*Exercise goal:* No picture belongs in the answer, which must hold exactly the lines from the one with "青い海と砂浜が美しい永田浜の写真。数名の人たちが、海水浴を楽しんでいます。" through the final line below.

Segment Start: Given material

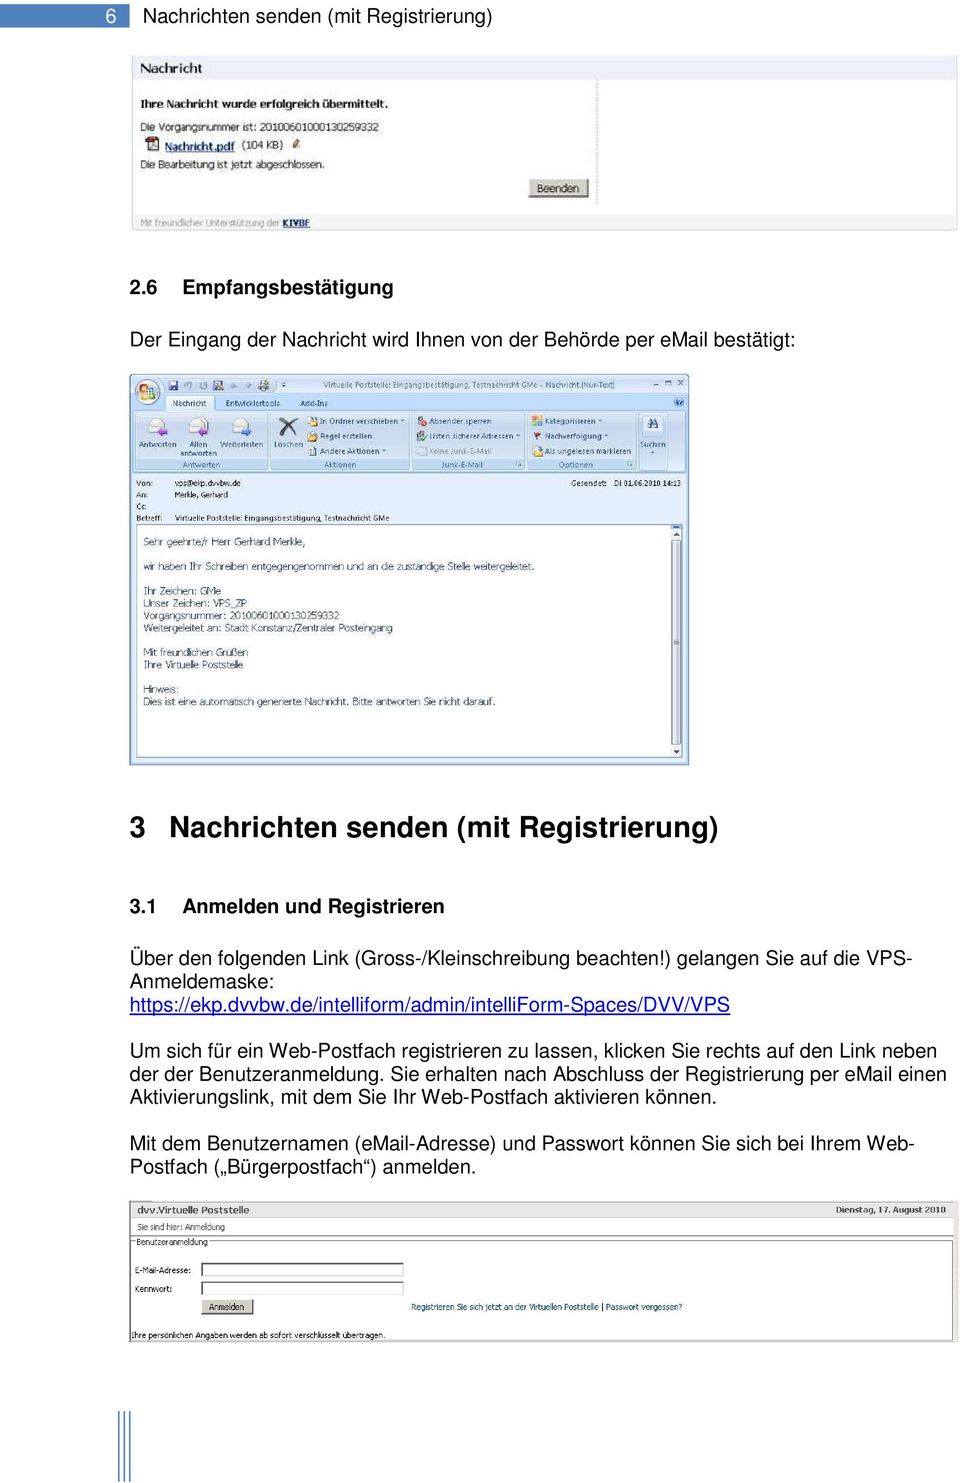 de/intelliform/admin/intelliform-spaces/dvv/vps Um sich für ein Web-Postfach registrieren zu lassen, klicken Sie rechts auf den Link neben der der Benutzeranmeldung.
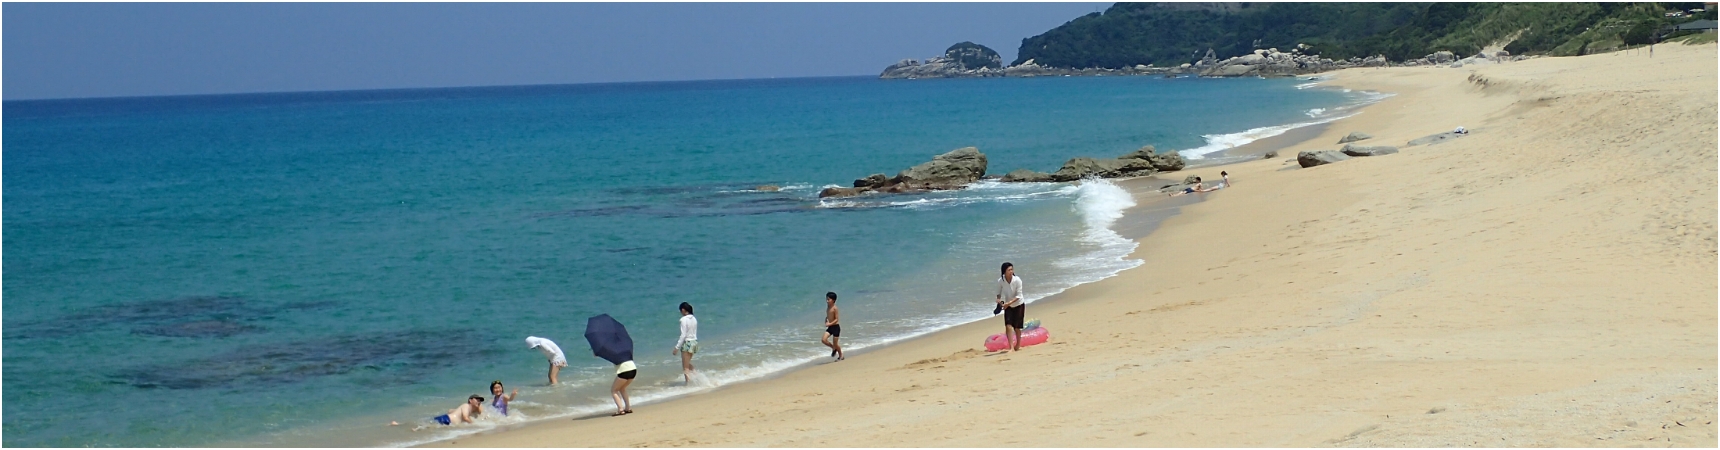 青い海と砂浜が美しい永田浜の写真。数名の人たちが、海水浴を楽しんでいます。
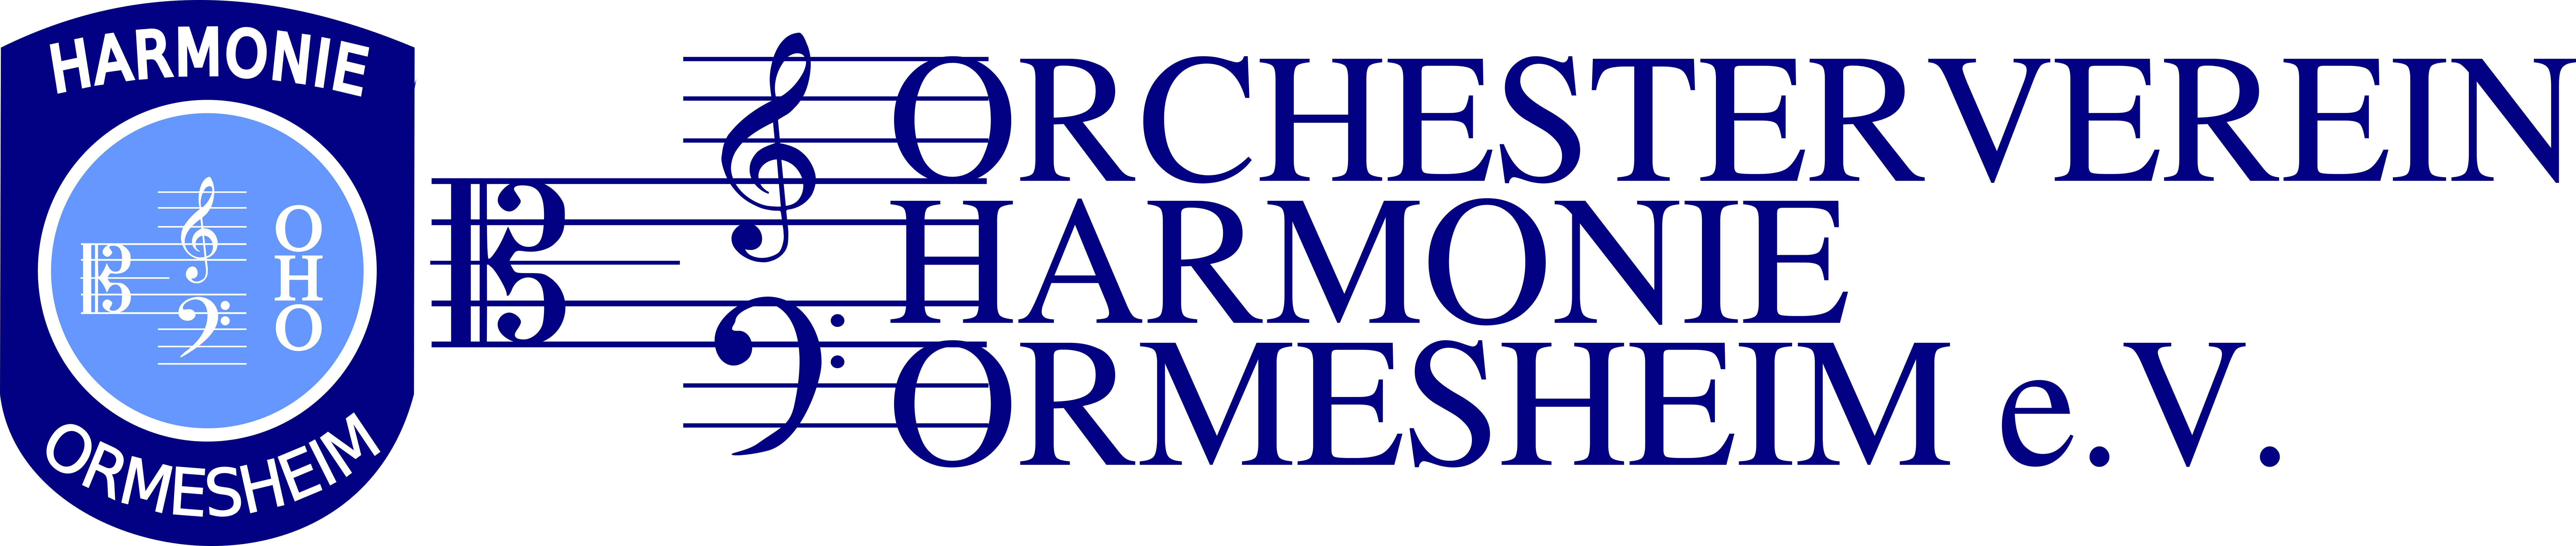 Orchesterverein Harmonie Ormesheim

Segment End: Given material

*Solution:*
 青い海と砂浜が美しい永田浜の写真。数名の人たちが、海水浴を楽しんでいます。
 Orchesterverein Harmonie Ormesheim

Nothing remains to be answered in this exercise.